Cost of paint the first and last house (10 + 1) = 11.

Example 3

Input:

houses = [3,1,2,3], cost = [[1,1,1],[1,1,1],[1,1,1],[1,1,1]], m = 4, n = 3, target = 3

Output:

-1

Explanation:

Houses are already painted with a total of 4 neighborhoods [{3},{1},{2},{3}] different of target = 3.

Constraints

  • m == houses.length == cost.length
  • n == cost[i].length
  • 1 <= m <= 100
  • 1 <= n <= 20
  • 1 <= target <= m
  • 0 <= houses[i] <= n
  • 1 <= cost[i][j] <= 104

Approach and Intuition

To solve the problem of painting houses such that there are exactly target neighborhoods with minimal cost, here's a structured approach:

  1. Understand the constraints:

    • Each house has to be considered for each possible color.
    • If a house is already painted, ignore its cost and respect the existing color.
    • We need to efficiently track changes in neighborhoods as we opt for different colors.
  2. Calculate potential neighborhoods:

    • Start with an array dp[i][j][k], representing the minimal cost when considering the first i houses, ending with color j, having k neighborhoods.
    • Initialize with large numbers for impossibility and zero where applicable.
  3. Dynamic programming to fill up the dp table:

    • For houses that need painting, calculate the cost for every possible color.
    • For houses already painted, transfer and update the cost directly without altering the color.
    • The change of neighborhood is considered when the color changes from the previous house.
  4. Determine transitions:

    • Update costs combining previously computed scenarios (previous house/neighborhoods) considering current house color decisions.
    • Use nested loops effectively to cover scenarios of changing or maintaining neighborhoods.
  5. Optimize neighborhood tracking:

    • Ensure the transition does not exceed the target neighborhoods.
    • Efficient check conditions to minimize recomputation.
  6. Extract the minimum cost:

    • After filling up the dp table, the least value at positions where the color scenarios end satisfying the target neighborhoods provides the answer.
  7. Edge case handling:

    • If no valid configuration can be achieved, return -1.
    • This will be deduced when after computing all possibilities the minimal cost still indicates impossibility (remains at initialized high).

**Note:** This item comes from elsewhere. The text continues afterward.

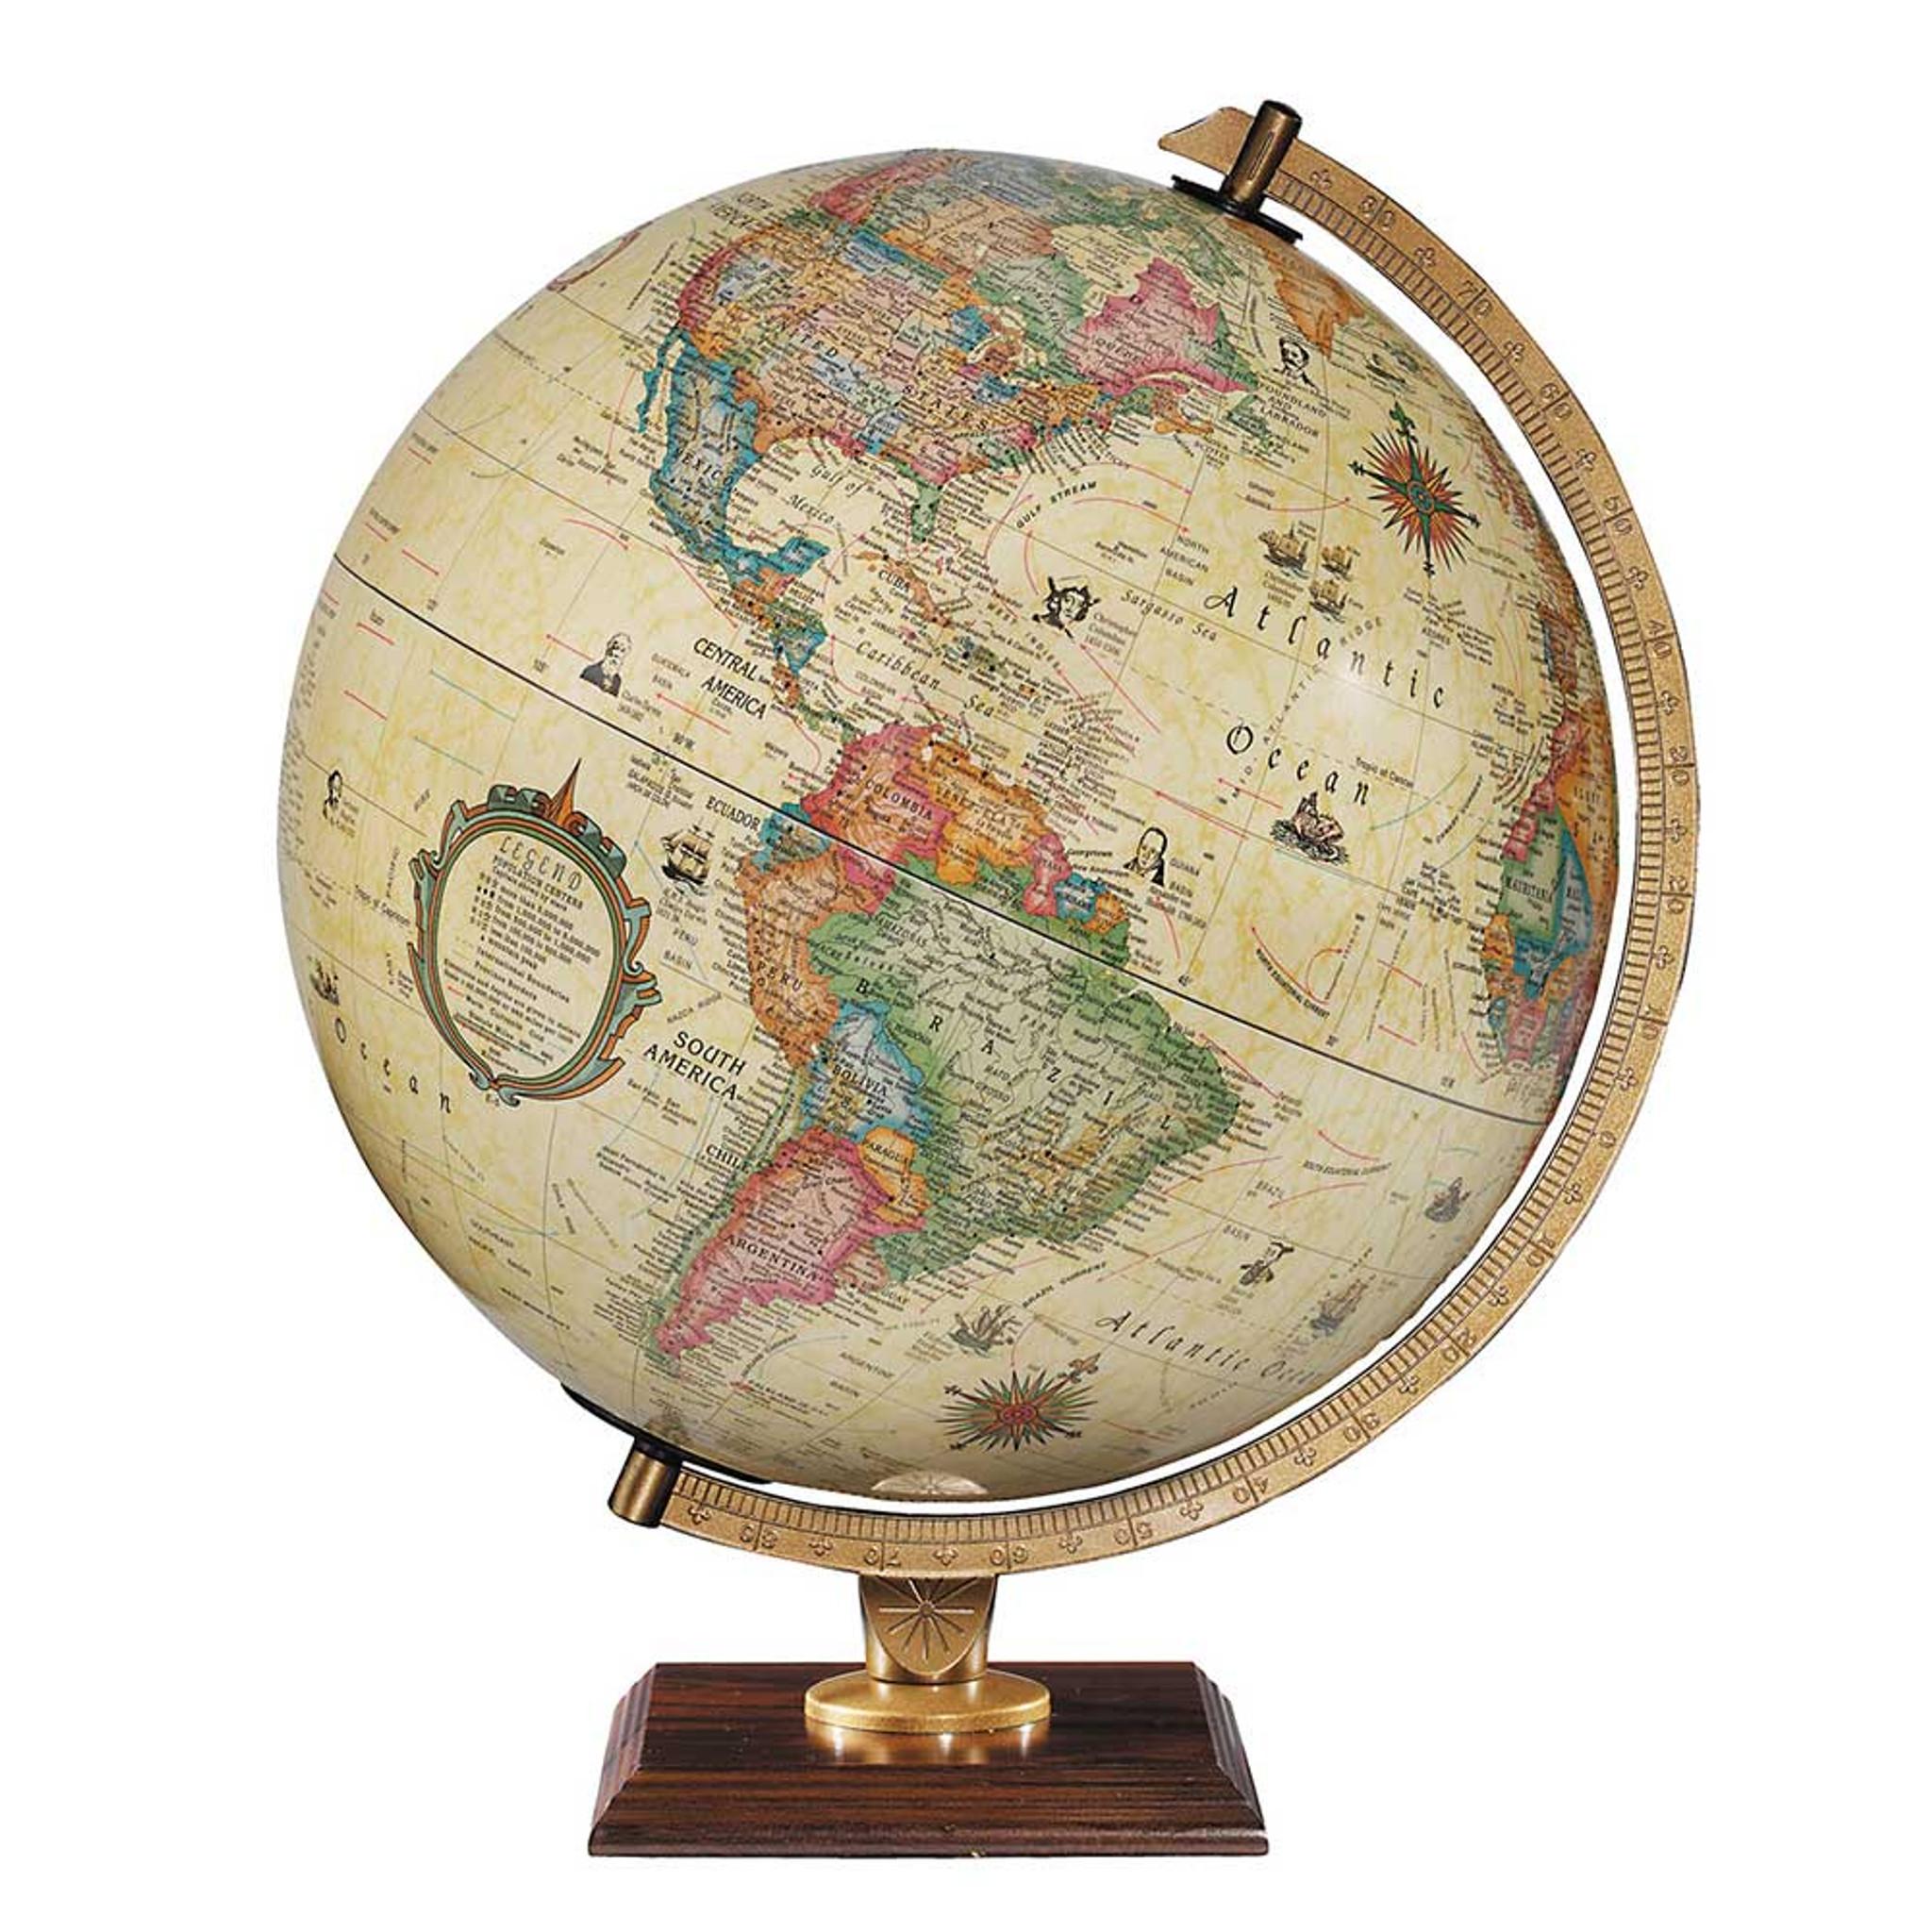 Carlyle 12 Illuminated Desk Globe

This method capitalizes on the dynamic programming paradigm by building upon previously computed values, ensuring the efficient and effective calculation of the minimal painting cost to achieve the desired neighborhood structure.

Solutions

  • C++
cpp
class Solution {
public:
    const int INF = 1000001;  // upper bound on cost
    
    int minimumCost(vector<int>& homes, vector<vector<int>>& paintCost, int numHomes, int numColors, int targetNeighborhoods) {
        vector<vector<int>> costMemo(targetNeighborhoods + 1, vector<int>(numColors, INF));
    
        for (int col = 1; col <= numColors; col++) {
            if (homes[0] == col) {
                costMemo[1][col - 1] = 0;
            } else if (homes[0] == 0) {
                costMemo[1][col - 1] = paintCost[0][col - 1];
            }
        }
    
        for (int homeIndex = 1; homeIndex < numHomes; homeIndex++) {
            vector<vector<int>> newMemo(targetNeighborhoods + 1, vector<int>(numColors, INF));
    
            for (int neigh = 1; neigh <= min(targetNeighborhoods, homeIndex + 1); neigh++) {
                for (int col = 1; col <= numColors; col++) {
                    if (homes[homeIndex] && col != homes[homeIndex]) continue;
    
                    int minAddedCost = INF;
                    for (int lastCol = 1; lastCol <= numColors; lastCol++) {
                        if (lastCol != col) {
                            minAddedCost = min(minAddedCost, costMemo[neigh - 1][lastCol - 1]);
                        } else {
                            minAddedCost = min(minAddedCost, costMemo[neigh][col - 1]);
                        }
                    }
    
                    int additionalCost = homes[homeIndex] ? 0 : paintCost[homeIndex][col - 1];
                    newMemo[neigh][col - 1] = minAddedCost + additionalCost;
                }
            }
            costMemo = newMemo;
        }
    
        int bestCost = INF;
        for (int col = 1; col <= numColors; col++) {
            bestCost = min(bestCost, costMemo[targetNeighborhoods][col - 1]);
        }
    
        return bestCost == INF ? -1 : bestCost;
    }
};

The given C++ program addresses the problem of determining the minimum cost to paint all the houses such that a certain number of neighborhoods are formed, each neighborhood having houses of the same color. The solution provided within the Solution class uses dynamic programming to efficiently handle the problem constraints.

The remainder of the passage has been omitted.